Copy out every line of the data exactly; do not include the images.

→ Data shown:
= = =

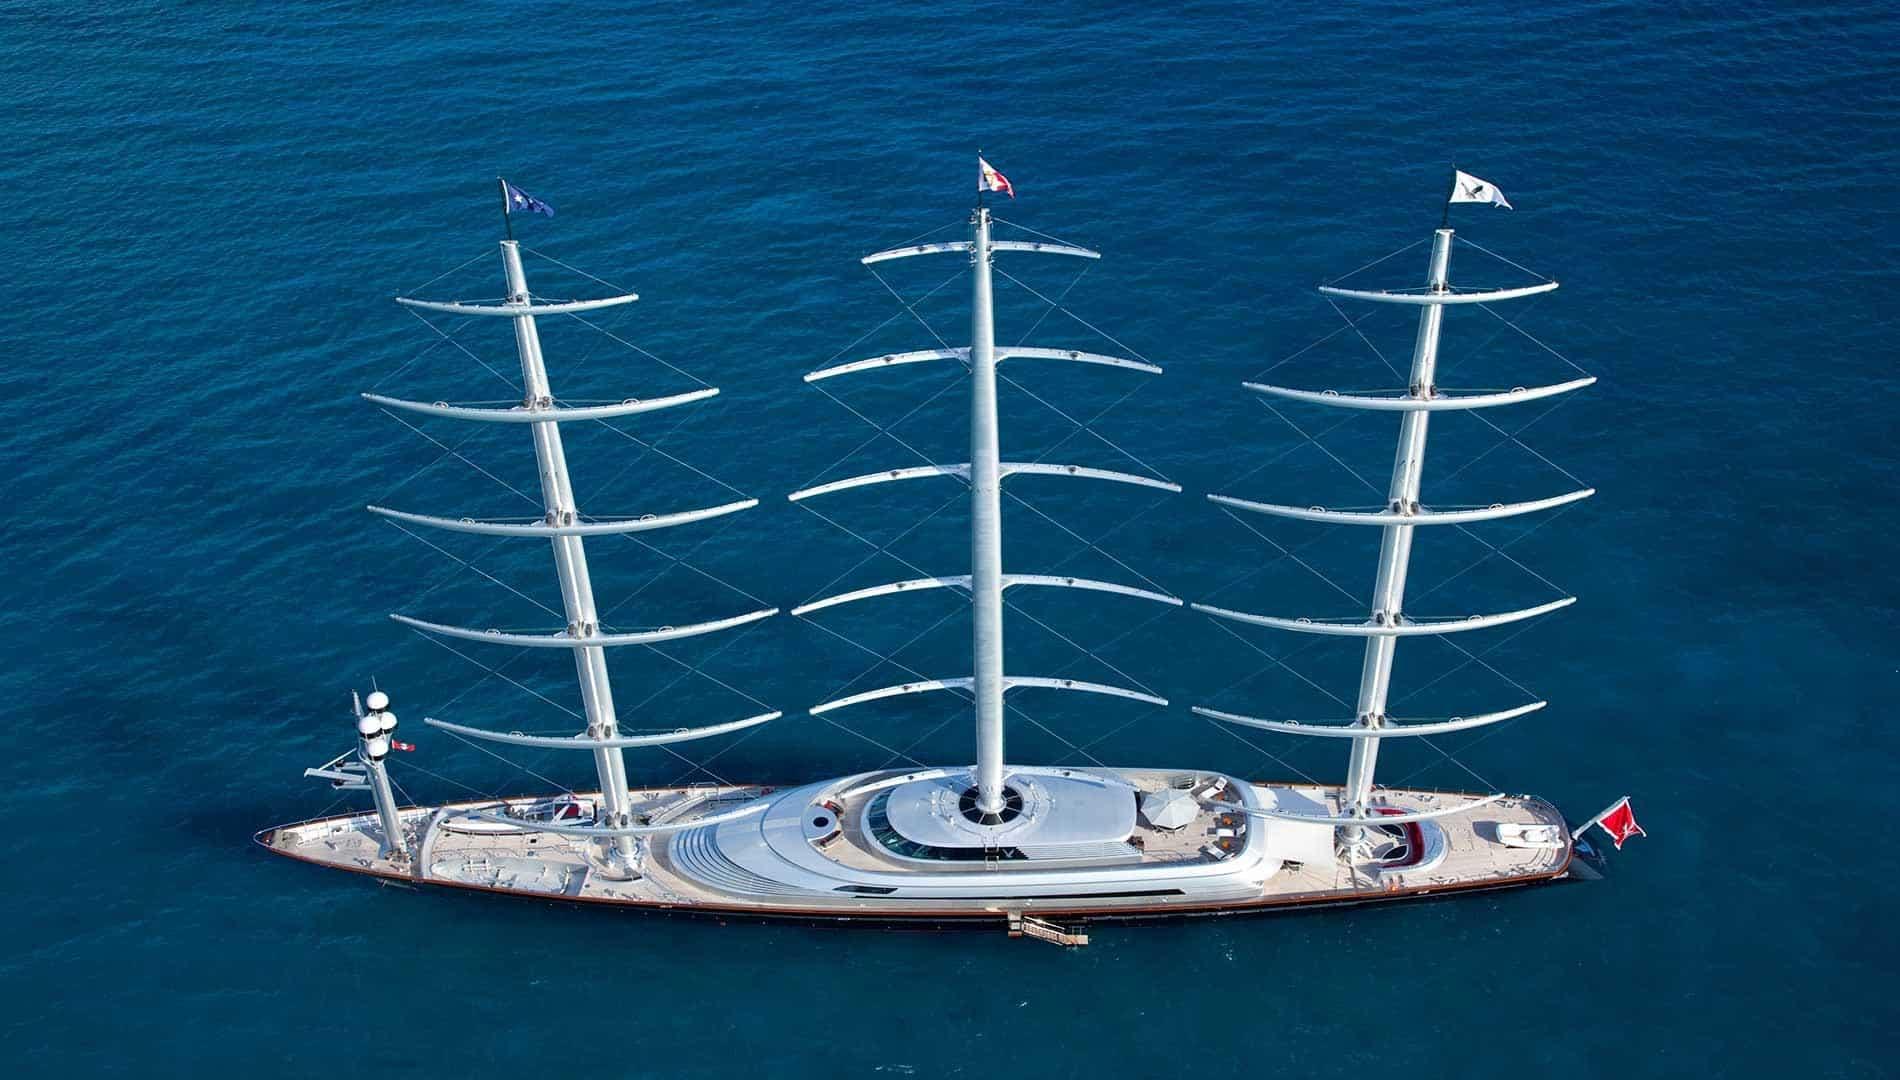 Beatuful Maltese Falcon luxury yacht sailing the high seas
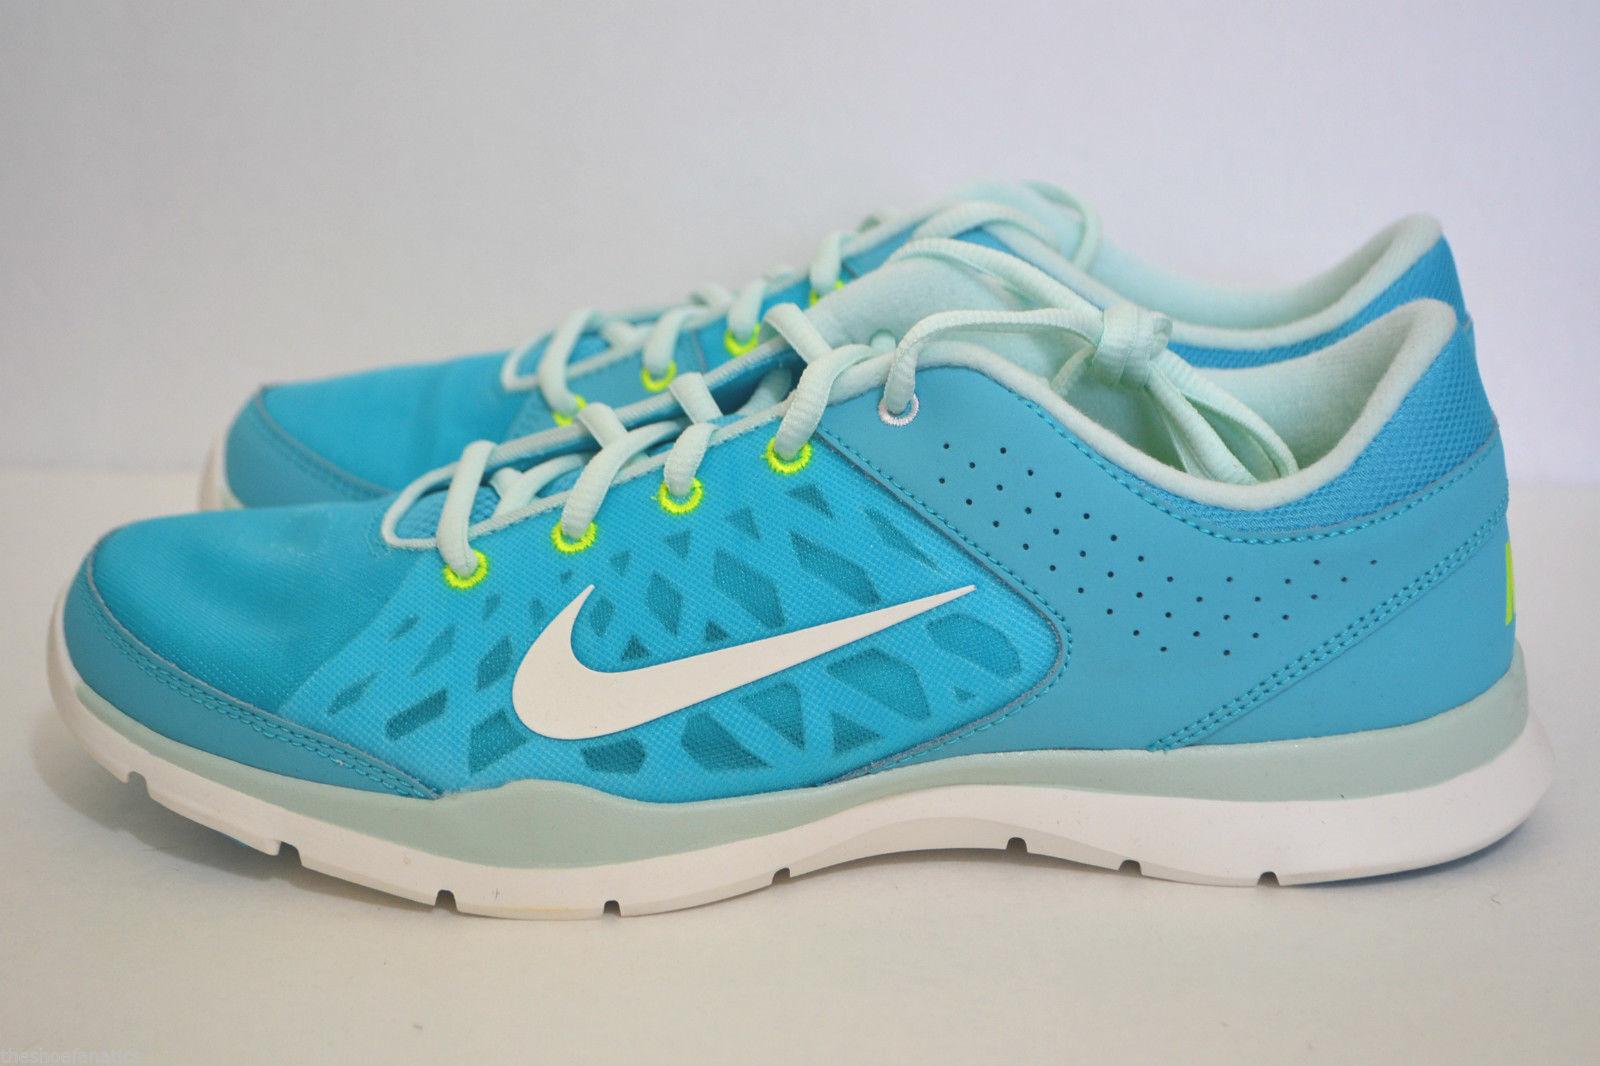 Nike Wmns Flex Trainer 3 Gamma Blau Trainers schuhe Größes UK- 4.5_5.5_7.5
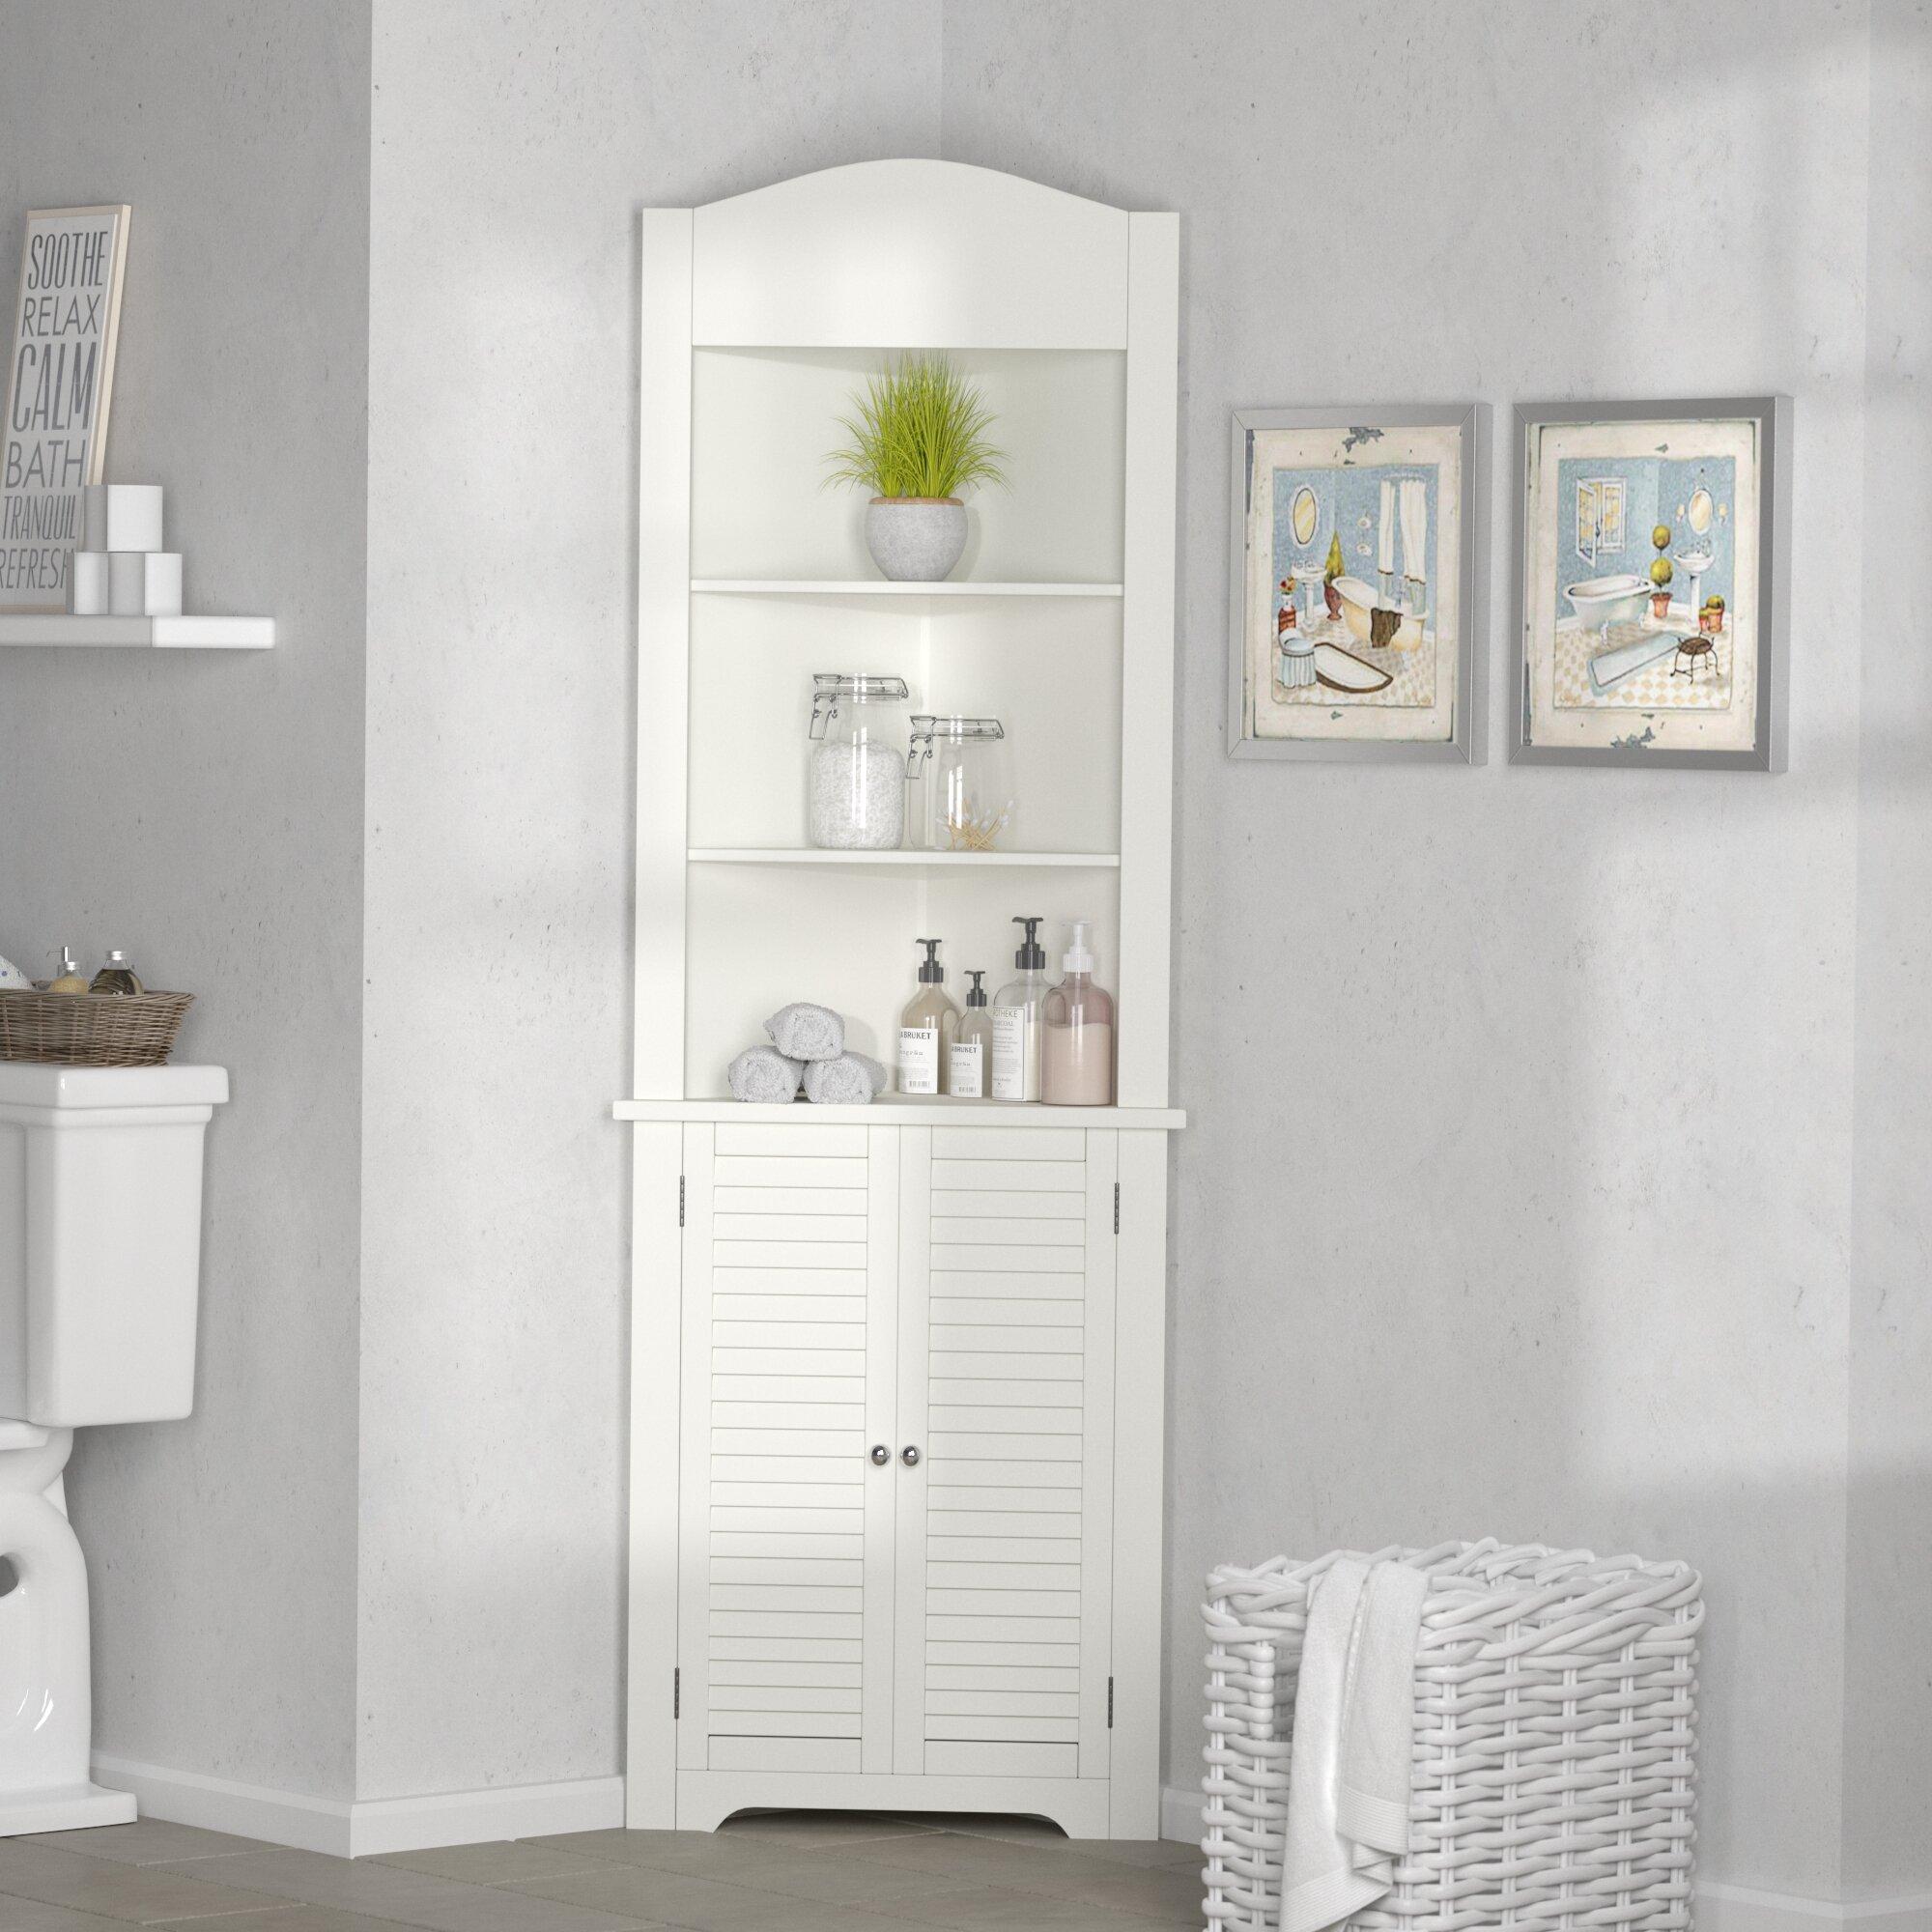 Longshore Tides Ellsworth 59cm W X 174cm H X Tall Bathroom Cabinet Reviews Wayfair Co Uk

= = =

→ Exercise output:
 Beatuful Maltese Falcon luxury yacht sailing the high seas
 Nike Wmns Flex Trainer 3 Gamma Blau Trainers schuhe Größes UK- 4.5_5.5_7.5
 Longshore Tides Ellsworth 59cm W X 174cm H X Tall Bathroom Cabinet Reviews Wayfair Co Uk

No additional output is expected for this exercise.